Banff National Park, Canada


Ah Canada. Known internationally as one of the most diverse, accepting and polite nations on Earth. Not only do Canadians have lovely manners (they apologise for everything – it’s sweet), but my goodness do they have a backyard. Canadian landscapes are among some of the most stunningly breath taking in the world. Combine soaring snow-capped peaks, mirrored lakes, brilliantly turquoise water and an abundance of wildlife and you have Canada in a nutshell. This year, Canada celebrates 150 years, and as a part of these celebrations, all national parks have FREE entry in 2017. We can’t think of a better reason to go than that! Banff National Park is one small section of Canada that contains all of these attributes and more, and is the oldest national park in the country. Be prepared to have your mind blown, as we take you through how to get there, what to do, and how to make the most of your Canadian adventure. Enjoy our Banff National Park Guide.

What To See and Do

This national park is jam-packed full of activities and things to discover, in both Summer and Winter. While the Summer months have warm weather, they are packed with tourists. The Winter months blanket the mountains in beautiful snow, however this can become restrictive in terms of accessibility. Whenever you decide to visit, you’ll be blessed with amazing scenery and an abundance of wildlife. The main highway the runs straight through the middle of the national park will give you access to all of these highlights. The road itself is stunning, and driving along it could take days, if you have the time. There are a multitude of hikes to explore while in the national park, too many to list here. Ensure that you do your research and select one that suits your capabilities.

Lake Louise

Lake Louise is one of the most visited natural landmarks in Canada. Combine bright turquoise water, snow-capped mountains, and stunning scenery and you get this amazing lake. Nestled between the Rocky Mountains, the lake itself is glacier fed, the Victoria Glacier, which gives the water that brilliant colour. The beauty of this place is dramatic. With a chateau as the backdrop, join the crowds and admire this unparalleled part of the world. The lake is 2.5kms wide and 90m deep, and contains many hikes that circle the lake and the surrounding landscape.

Tea House Trek

Just behind Lake Louise (pass the incredible chateau and keep walking up the right ha d side of the lake) you’ll find the Tea House Trek.
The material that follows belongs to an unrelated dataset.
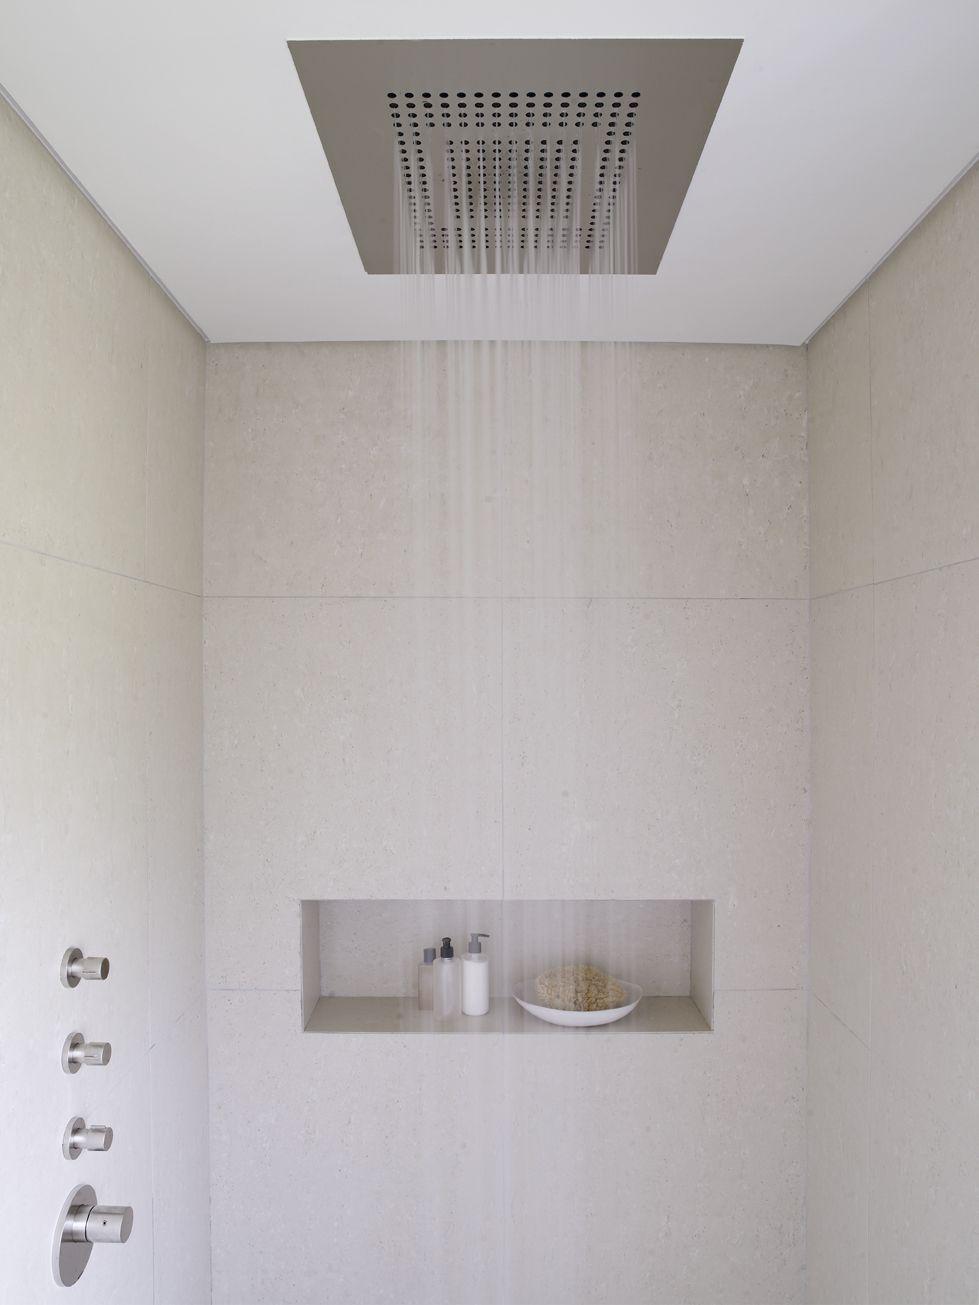 Piet Boon Styling by Karin Meyn | South Africa - shower design ...

A 7km round trip, the mostly uphill trek will take you up the mountain to a small tea house, in front of a stunning lake. This is not only beautiful; it also has amazing views of the Lake Louise. The tea house is rustic and small, with no electricity and no running water. They use pre and fresh lake water for the tea, and make as assortment of cakes and breads on the wood-fired stove. It’s truly worth the hike to sit in this teahouse and watch how they make it work. All rubbish is carried up and off the mountain, so customers are encouraged to take it with them. You can extend this hike by trekking an extra 2kms to the Beehive, where more breath taking views await you.

Peyto Lake

Peyto Lake is perhaps one of the most photographed and recognisable lakes in the world. The shape of the lake is a distinctive wolf head, and the colour of the water is just as brilliantly turquoise as Lake Louise. The entrance is just off the Parkway, and you can climb to the top lookout to view the lake. It really is breath takingly beautiful.

Morraine Lake

Morraine Lake is very close to Lake Louise, and just as beautiful. Many people choose to visit Lake Louise over Morraine Lake, but this is a mistake. Visit both and you’ll be glad you did. This lake is less touristy, meaning that you can spend more time taking photos and enjoying the surrounding landscape.

Consolation Lakes Hike

While you’re at Morraine Lake, check out the Consolation Lakes Hike. You’ll experience a short hike through the forest, before being spat out at these brilliant lakes. Glacier fed water means that it’s crystal clear and the mirrored reflection is flawless. It’s surrounded by high, rocky peaks, forests and even some snow – even in Summer! The total length of the hike is about 6kms, however it’s an easy hike and most of the path is well maintained. Simply walk to the left of Morraine Lake, and follow the signs to the hike.

Icefields Parkway Drive

The Icefield Parkway is the main highway straight through the middle of the national park. It is the link from the border of the Jasper National Park, all the way through the Banff National Park, connecting all the highlights along the way. There is so much to see along this 232km drive, including a plethora of lakes, forests, hikes to do, and wildlife. The drive is dotted with over 100 glaciers, all feeding into the various lakes in the area. If you get the chance, don’t miss the actual Colombia Icefields. In the Summer months, visitors can actually drive out onto the ice in ‘ice coaches’, and explore the giant glacier up close.

Glacier Sky Walk

This one is for our adventure and thrill seekers! The sky walk is a glass walk way that stretches out over the Sunwapta Valley. The walkway is 290m high, and not for the faint hearted. But if you want unrivalled views over the entire valley, this is a once in a lifetime experience. You’’ gaze across miles of forests, snow-capped mountains and view the Colombia Icefields in the distance.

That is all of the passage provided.